*WORK REQUEST*. Write out the listing below character for character, though without its pictures.

*DATA EXTRACT*.
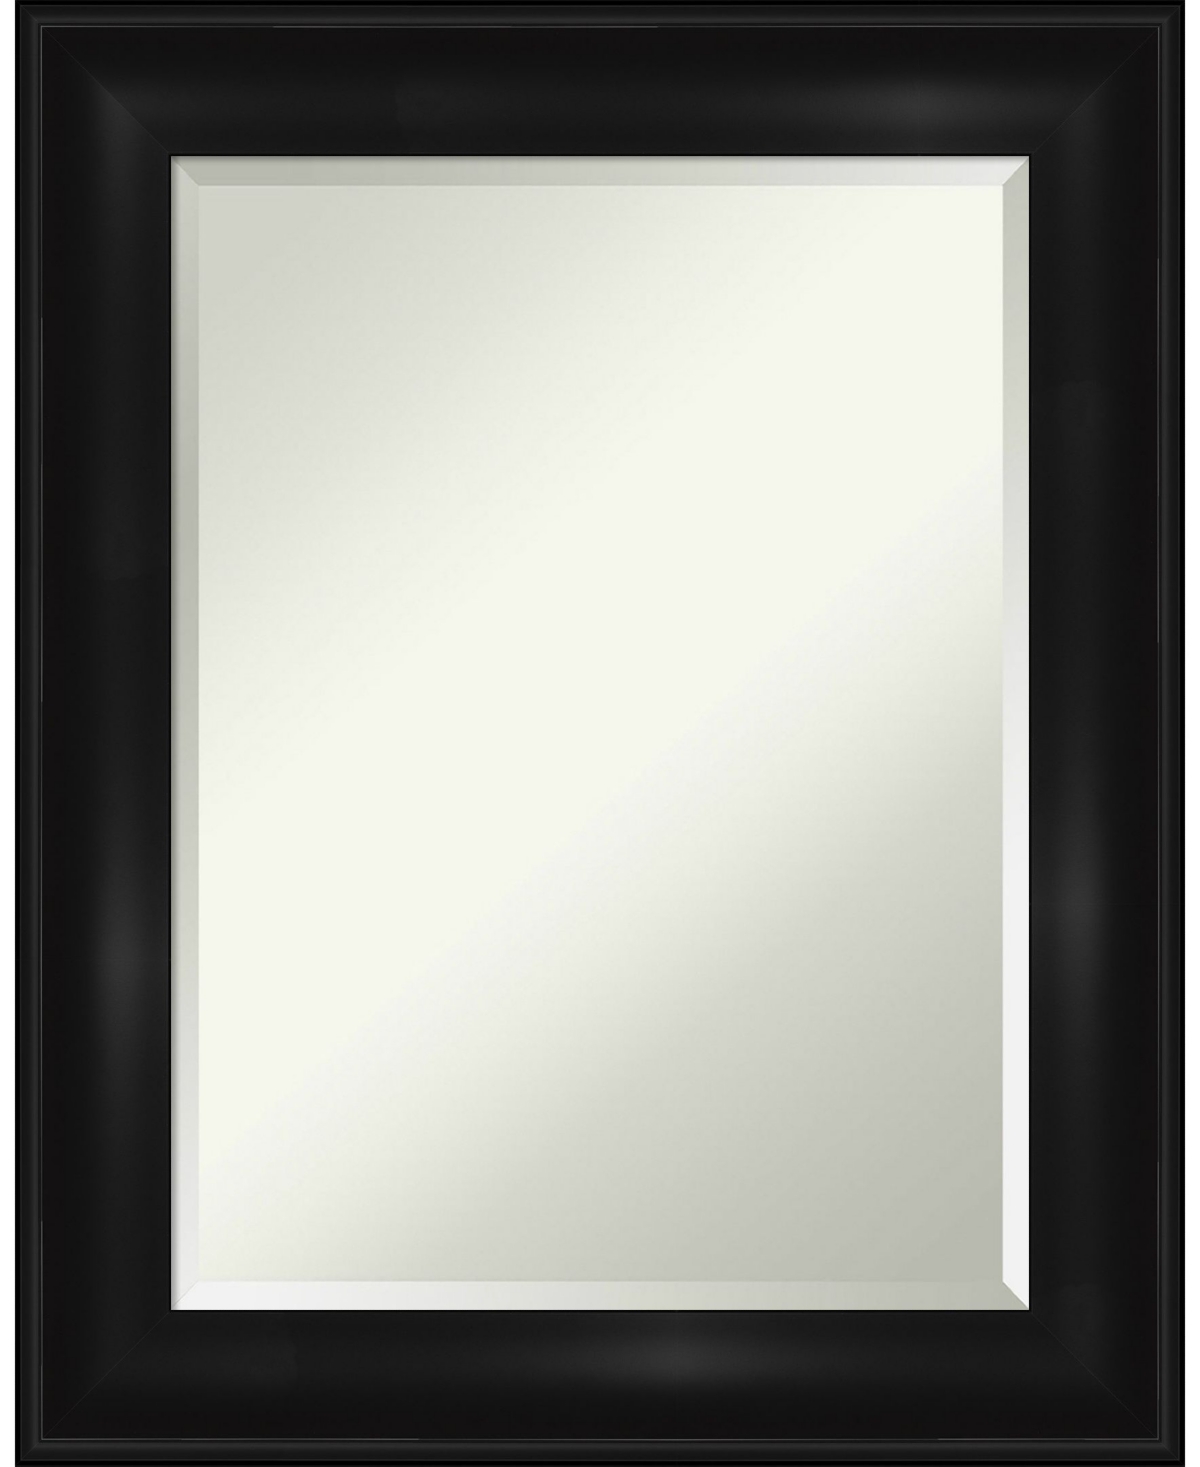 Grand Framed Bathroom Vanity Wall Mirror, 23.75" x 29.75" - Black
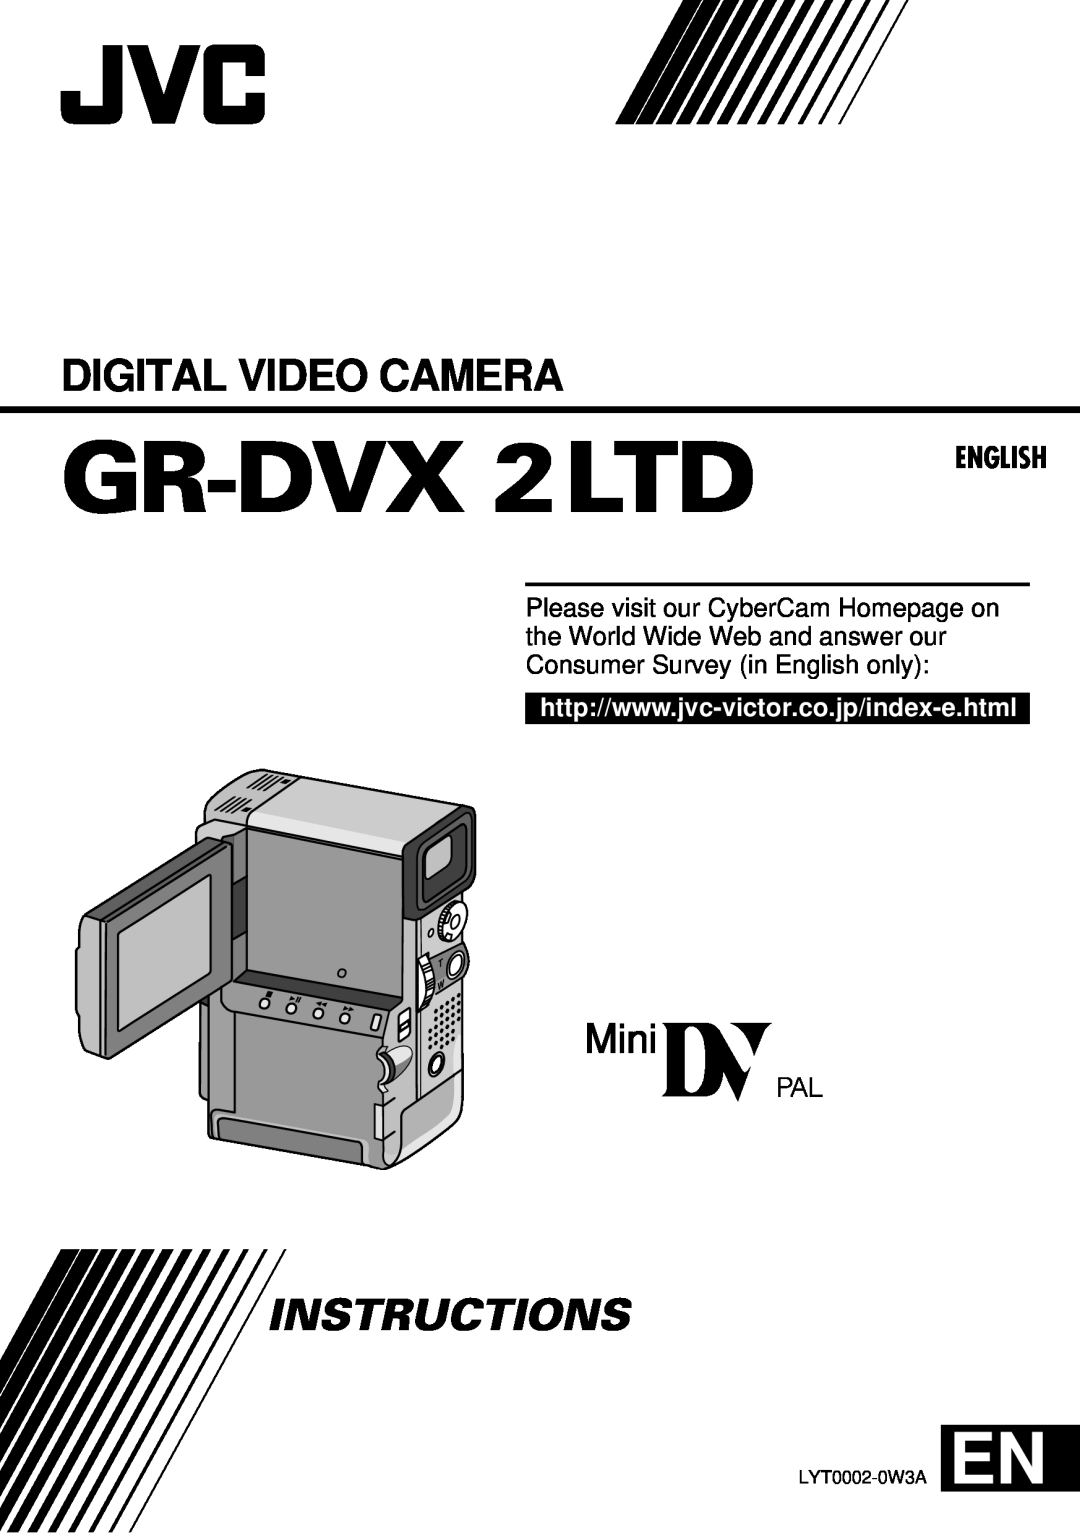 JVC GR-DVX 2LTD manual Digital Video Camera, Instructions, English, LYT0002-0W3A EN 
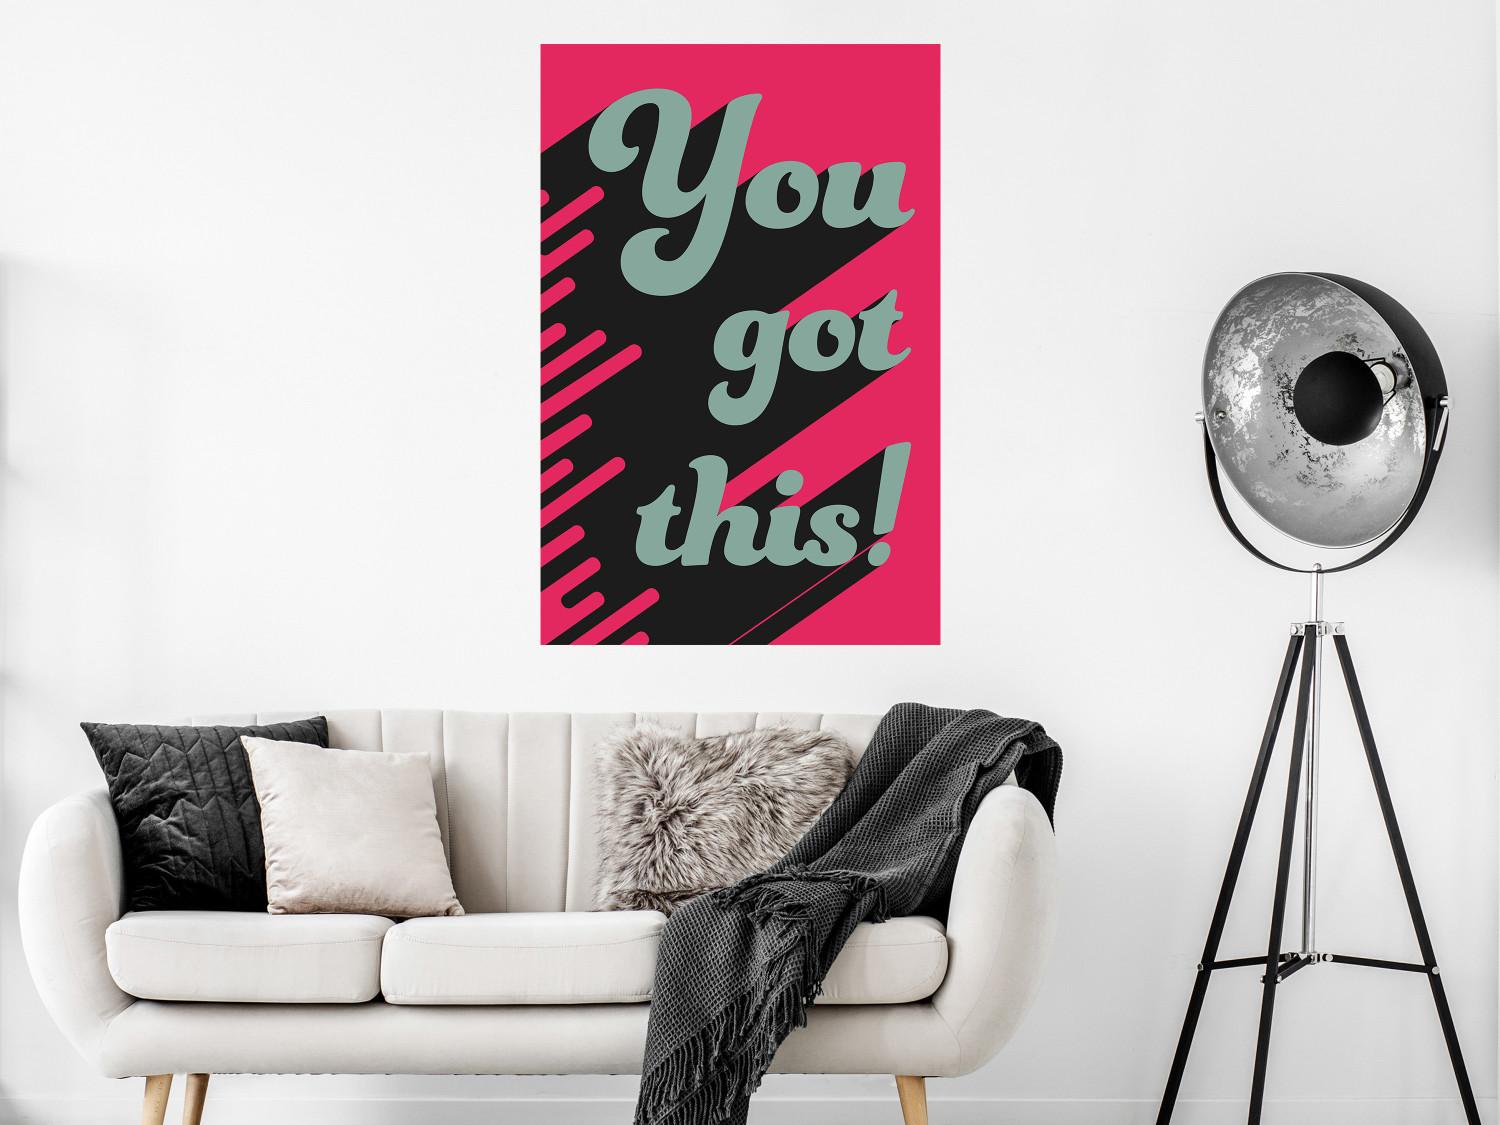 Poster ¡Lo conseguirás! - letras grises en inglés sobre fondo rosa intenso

*RESULT BELOW*.
 Grand Framed Bathroom Vanity Wall Mirror, 23.75" x 29.75" - Black
 JVC GR-DVX 2LTD manual Digital Video Camera, Instructions, English, LYT0002-0W3A EN 
 Poster ¡Lo conseguirás! - letras grises en inglés sobre fondo rosa intenso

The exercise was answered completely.